Saturday, May 14
More startling developments of the past few years have come to light. Here are some that should have been on my recent list:
*During 2020, gun deaths in the U.S. rose to the highest number ever recorded, more than 45,000. This resulted in part from a pandemic-paranoia-inspired gun-buying spree. The homicide rate was the highest since 1994, but half of all deaths were suicides. Black men ages 15 to 34 accounted for 38% of all gun homicide victims in 2020, even though this group represented just 2% of the U.S. population.
*After a 30% increase in drug-overdose deaths during 2020, the rise continued with overdose deaths rising another 15% in 2021. A growing share of deaths involve fentanyl, a class of potent synthetic opioids that are often mixed with other drugs, and methamphetamine, a synthetic stimulant.

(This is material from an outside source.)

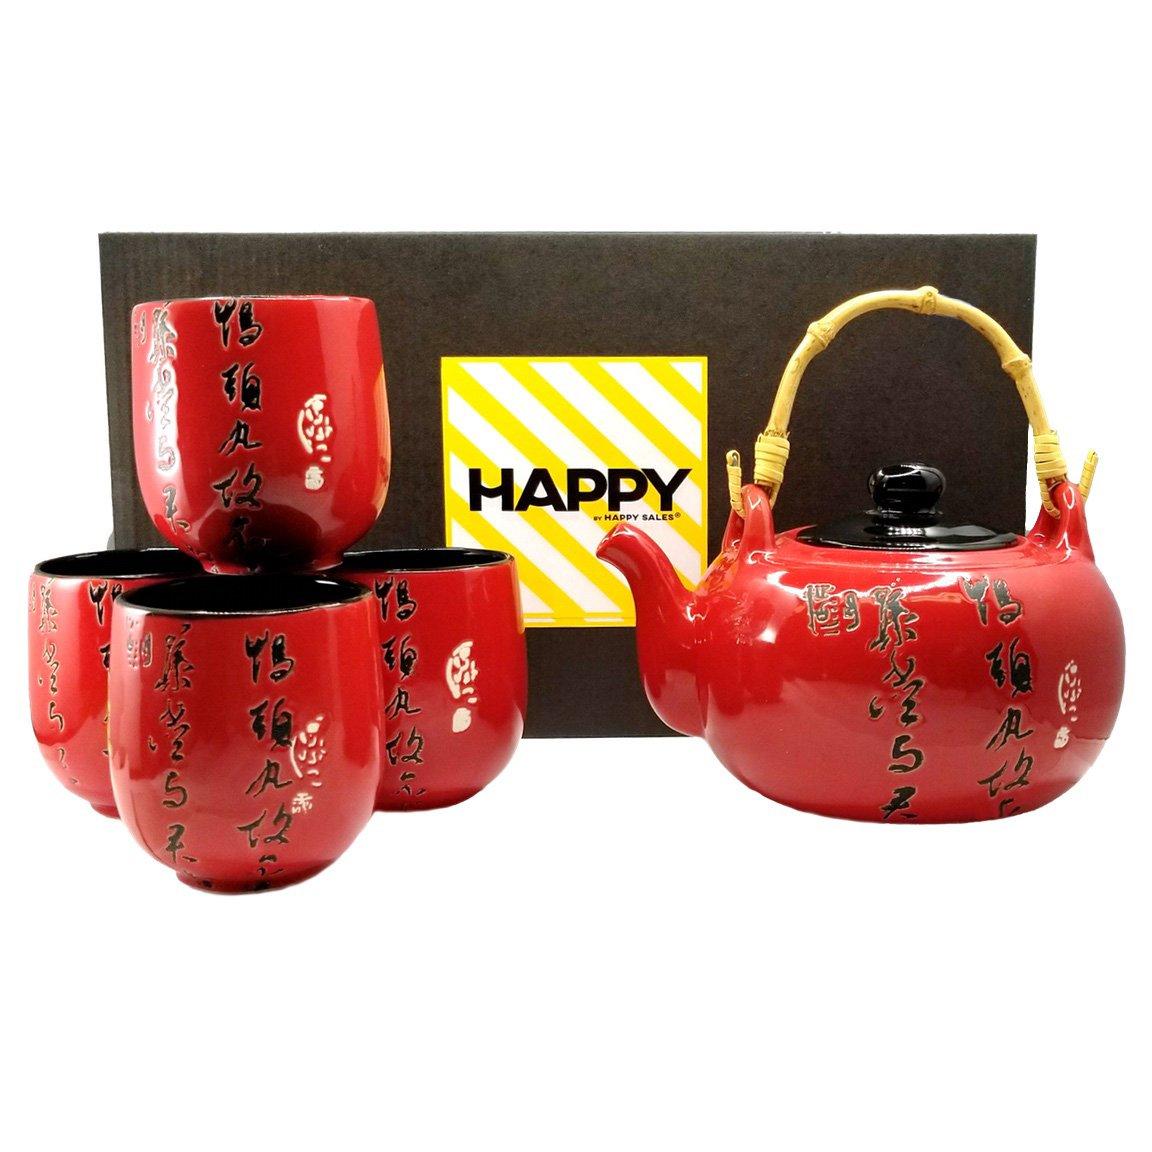 Japanese 6 Pc Rice Soup Bowl Set Red Kanji Happy Sales HSX6401/A

*On May 12, 2022 Biden announced that the COVID death total in the U.S. had reached one million.
*The first image of a supermassive black hole at the center of the Milky Way galaxy has been exhibited by the Event Horizon Telescope, an international scientific collaboration.
In personal—and much less galactic—news, we have purchased the 2019 Subaru Outback that we have leased for the past three years. This especially makes sense as we have driven it so little over the period of the pandemic—our odometer shows a bit over 12,000 miles. Kelley Blue Book online shows similar cars selling for around $32,000. If so, ours has barely depreciated, $34,343 being the value at the time of the lease in May of 2019. And all told, we paid a lot less than either figure.
I have been reading the literary novel/high-grade science fiction work Station Eleven by Emily St. John Mandel. The central development of the book is a global pandemic that wipes out 99% of humanity. The author caught a wave, as she published the book in 2014, just ahead of the real-world pandemic. Reading the book is a weird experience: The events it describes are much more dire than those we have undergone. But you can easily imagine that things might have turned out something like they do in Station Eleven–or that an even more severe, coming pandemic could have some of the characteristics Mandel describes.
Large cities have been mostly abandoned. Small bands of human survivors live in former suburban fast-food joints and abandoned airports. People break into a Chili’s to scavenge food; otherwise they eat deer or other slain animals. The highways are clotted with abandoned cars, some containing dead victims of the plague. There is no gasoline, no transport at all, and no electricity. Small bands of whacked-out youth, often led by Manson-like “prophets,” roam the countryside, seeking people and things to exploit. Everyone carries weapons.
It’s all horrifying—and spellbinding.
Dinner: Szechuan eggplant and fresh asparagus.
Entertainment: a re-watch of season two of the hugely popular Scandi noir, The Bridge (2012).